El invierno pasado, mientras mi amiga Julia y yo disfrutábamos de un raro día de sol, paseando y discutiendo las grandes creaciones de un renombrado arquitecto, nuestra discusión nos llevó a considerar qué clase de persona era.
Julia recordó que un profesor universitario le había dicho que el arquitecto, a pesar de su talento y su visión, también era muy conocido por su arrogancia. El profesor se dirigió a Julia y le dijo que el arquitecto tenía derecho a ser arrogante, ya que se lo había ganado. De hecho, el profesor prosiguió, cualquiera que haya trabajado duro para convertirse en un experto en un campo elegido tiene derecho a ser arrogante.

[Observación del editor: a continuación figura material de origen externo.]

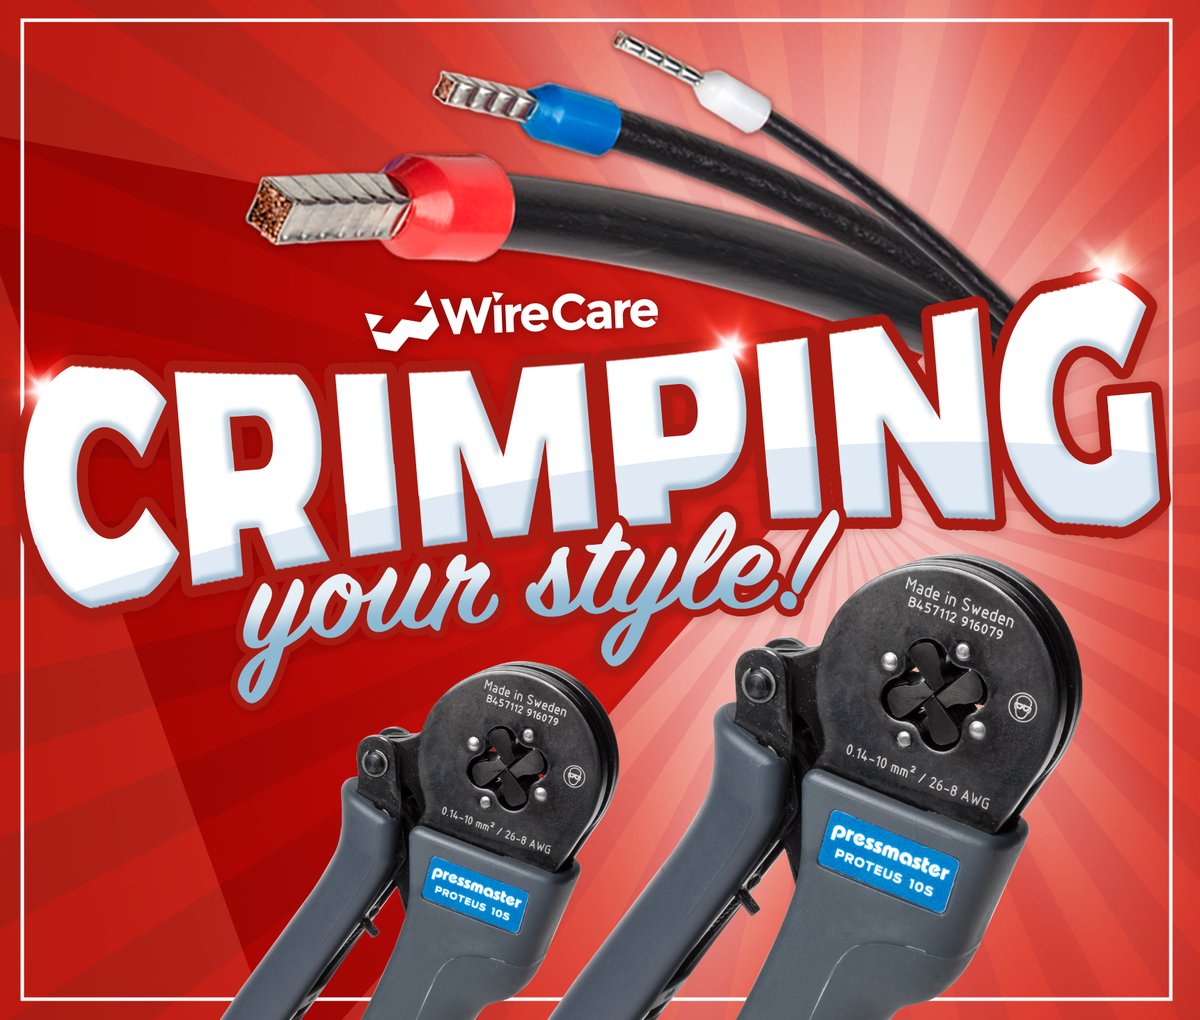 Crimping is a crucial step in making strong and reliable wire connections. Shop at WireCare® for crimpers, die sets, crimping kits and more to finish nearly any crimping application. #WireCare #WireCrimping #WireCrimper #WireStripper #Wiring #Tools #HandTools

Hace mucho tiempo, trabajé en una agencia de publicidad donde el director general dio permiso a su equipo creativo a actuar con un amplio margen de conducta – le dijo a las secretarias y otros empleados de apoyo que debido a su talento el equipo creativo y los escritores tenían derecho a ser exigentes, petulantes y arrogantes. Como era de esperar, ellos se permitieron tener ataques de ira, comportamiento grosero, berrinches, e incluso trataron irrespetuosa y despectivamente al personal de apoyo. Pronto me marché.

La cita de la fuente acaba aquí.